Task details >> The lines below, from the one containing "Baltika no three" through the one containing "Hitachi EX100-2 Excavator", should be set down exactly, with no pictures and nothing else.

-------- Provided data

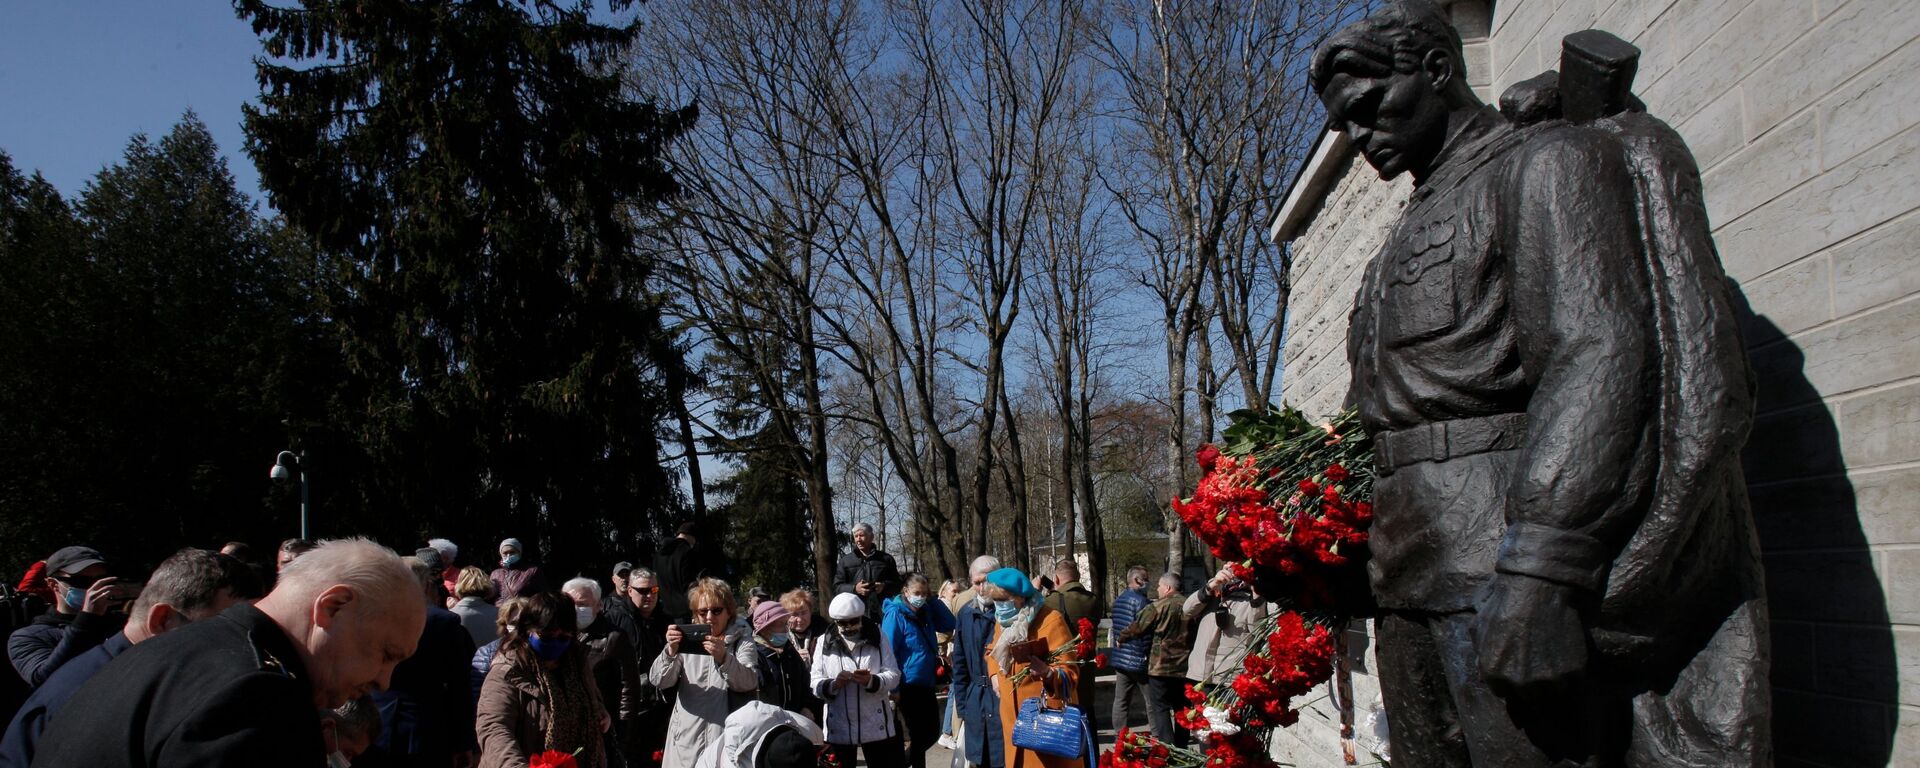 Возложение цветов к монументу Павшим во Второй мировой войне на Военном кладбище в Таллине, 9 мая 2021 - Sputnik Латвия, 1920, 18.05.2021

----------------
-------- Provided data

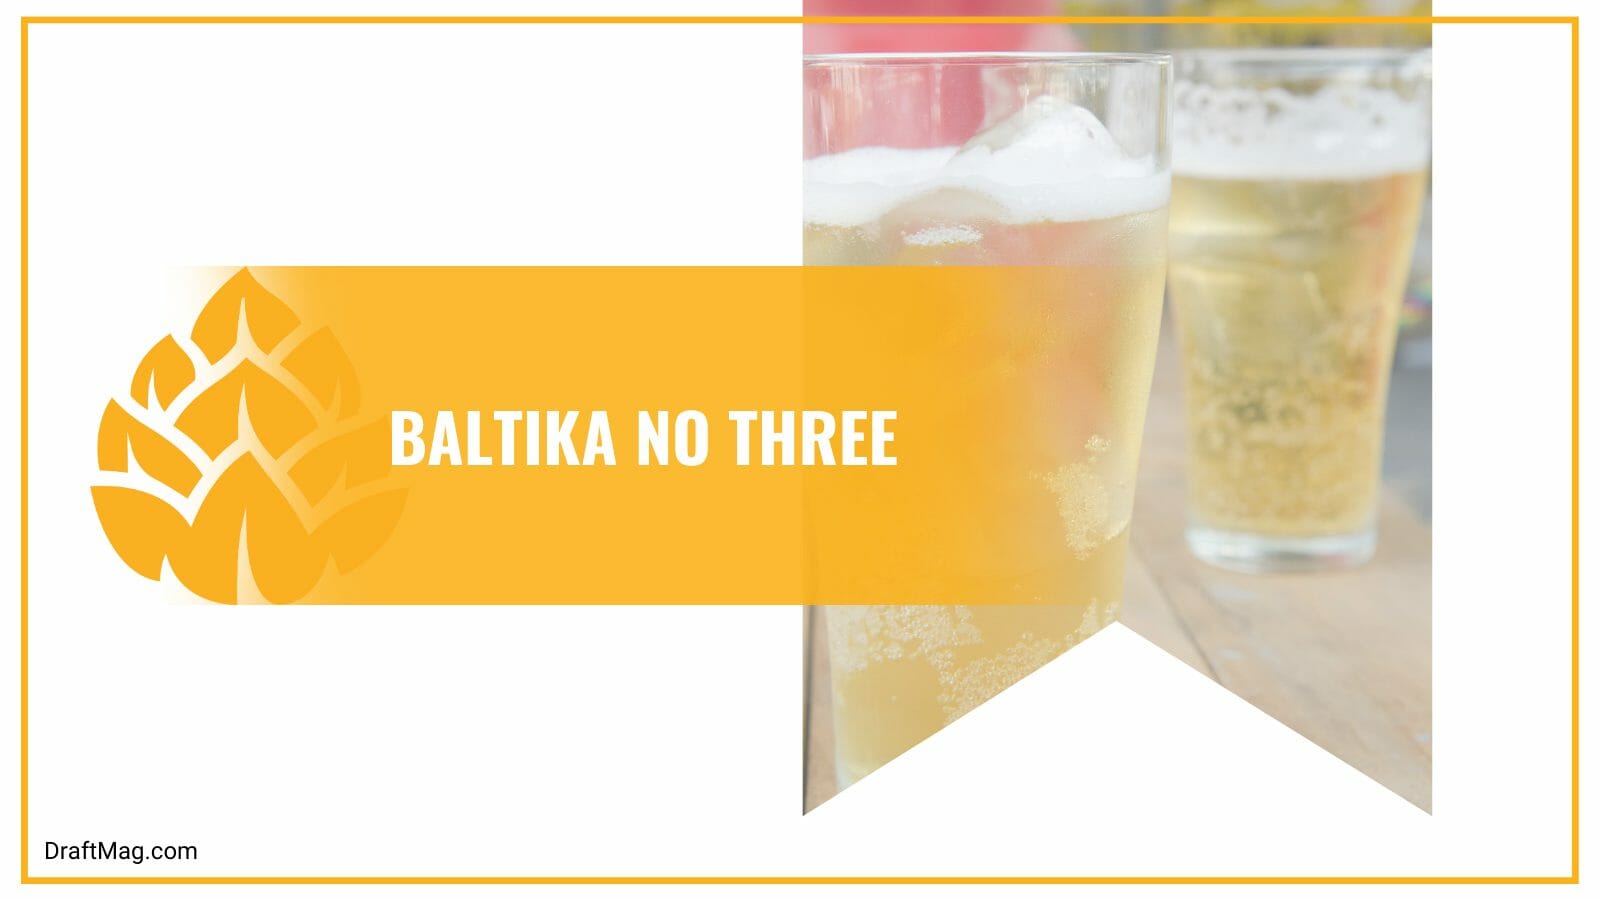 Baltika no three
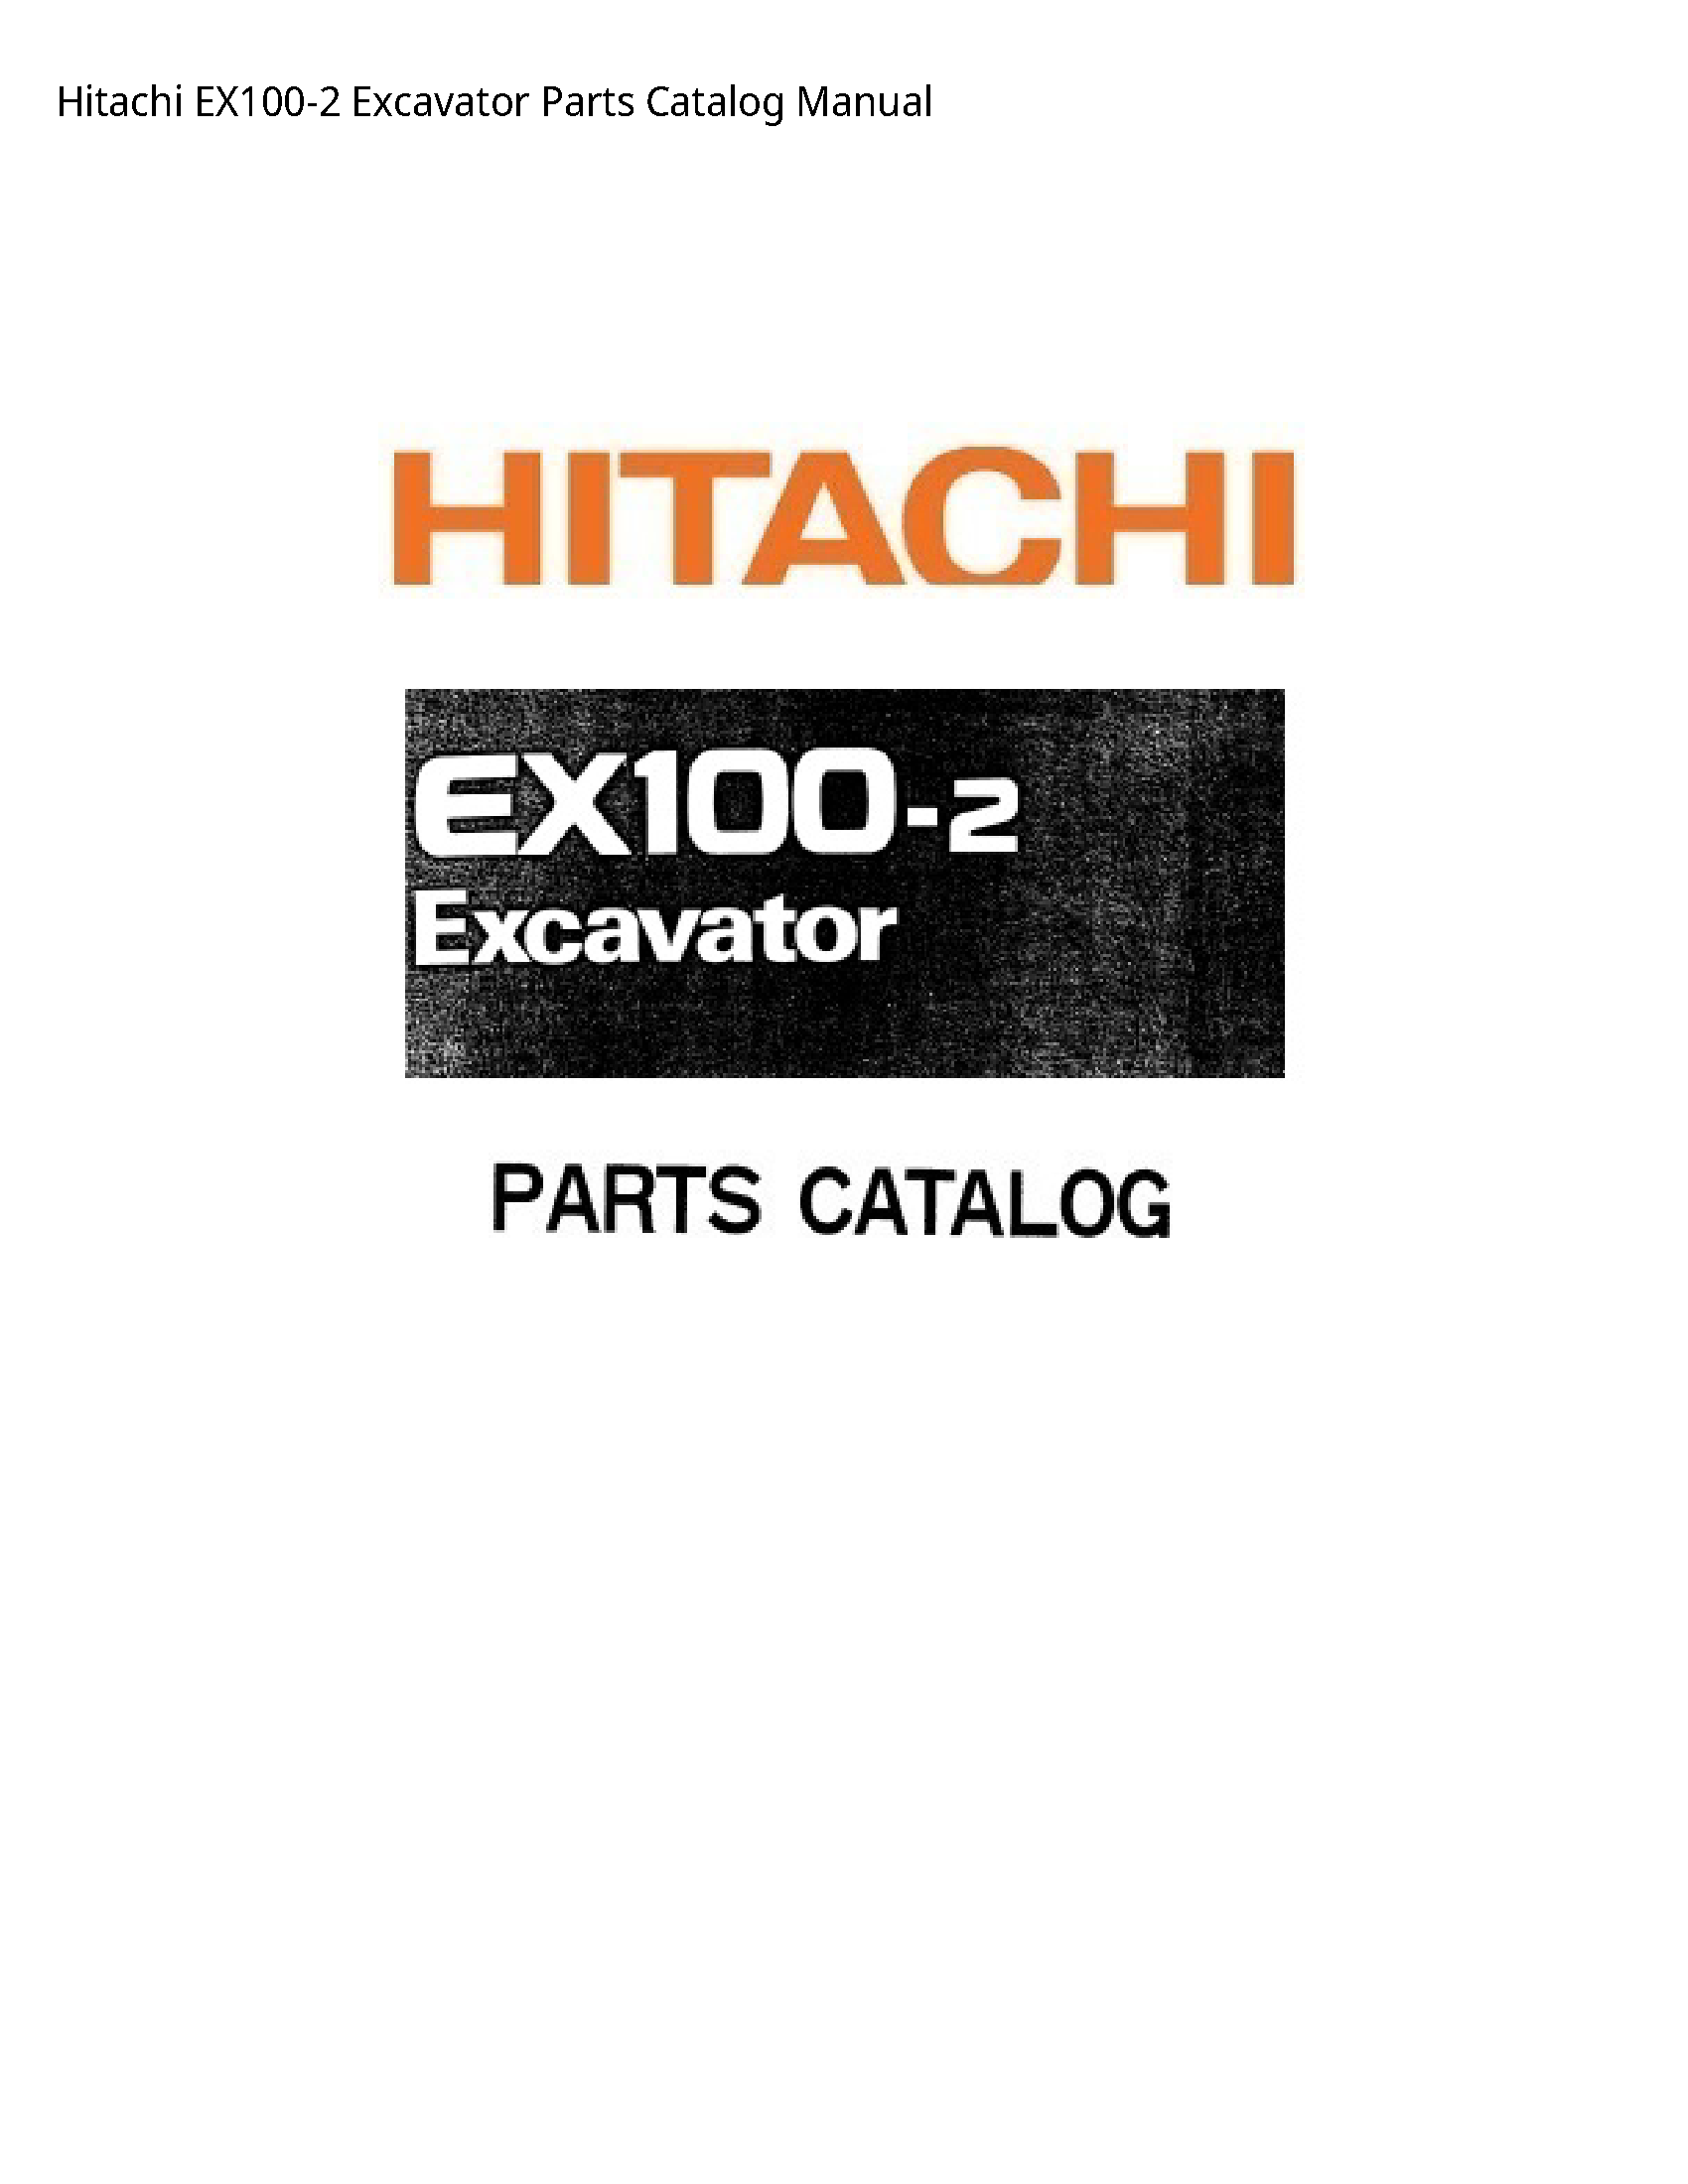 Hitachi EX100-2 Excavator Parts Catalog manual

----------------
-------- Provided data

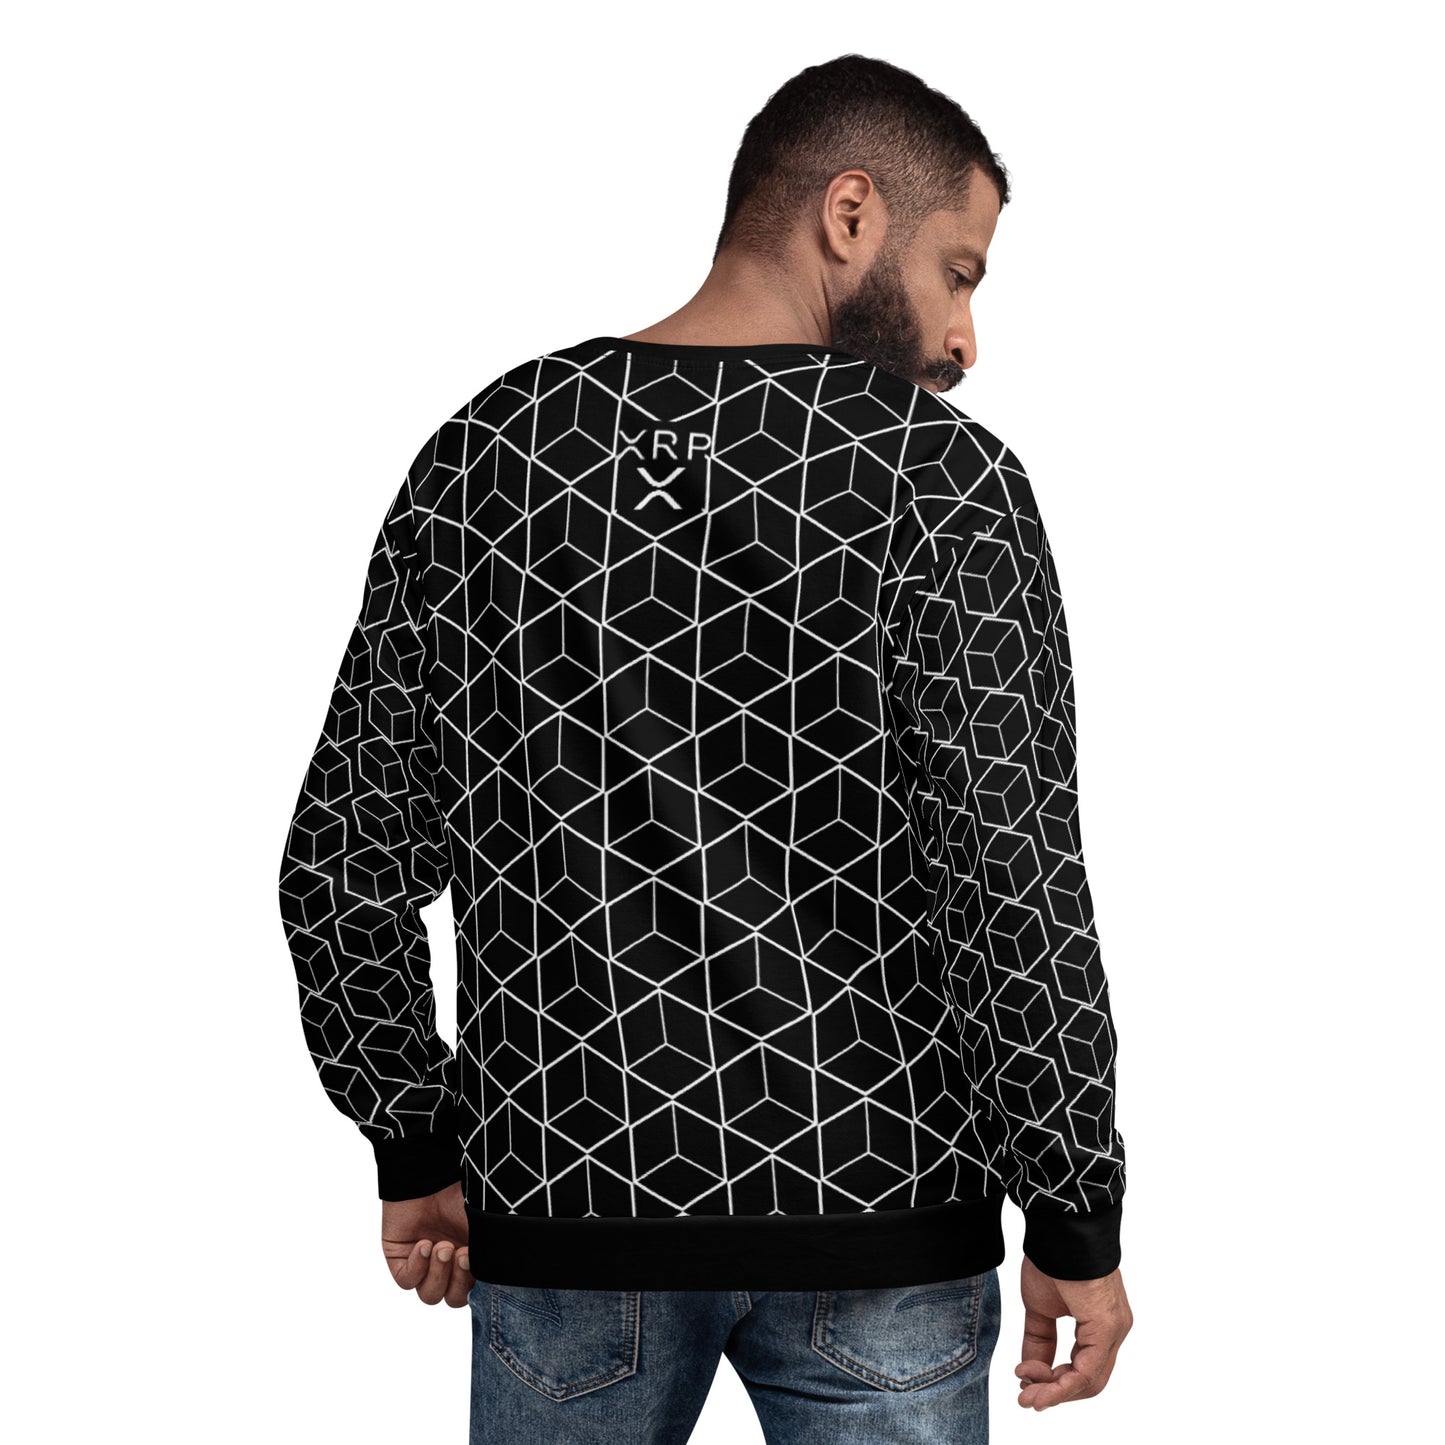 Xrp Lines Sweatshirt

----------------

Response >>
 Baltika no three
 Hitachi EX100-2 Excavator Parts Catalog manual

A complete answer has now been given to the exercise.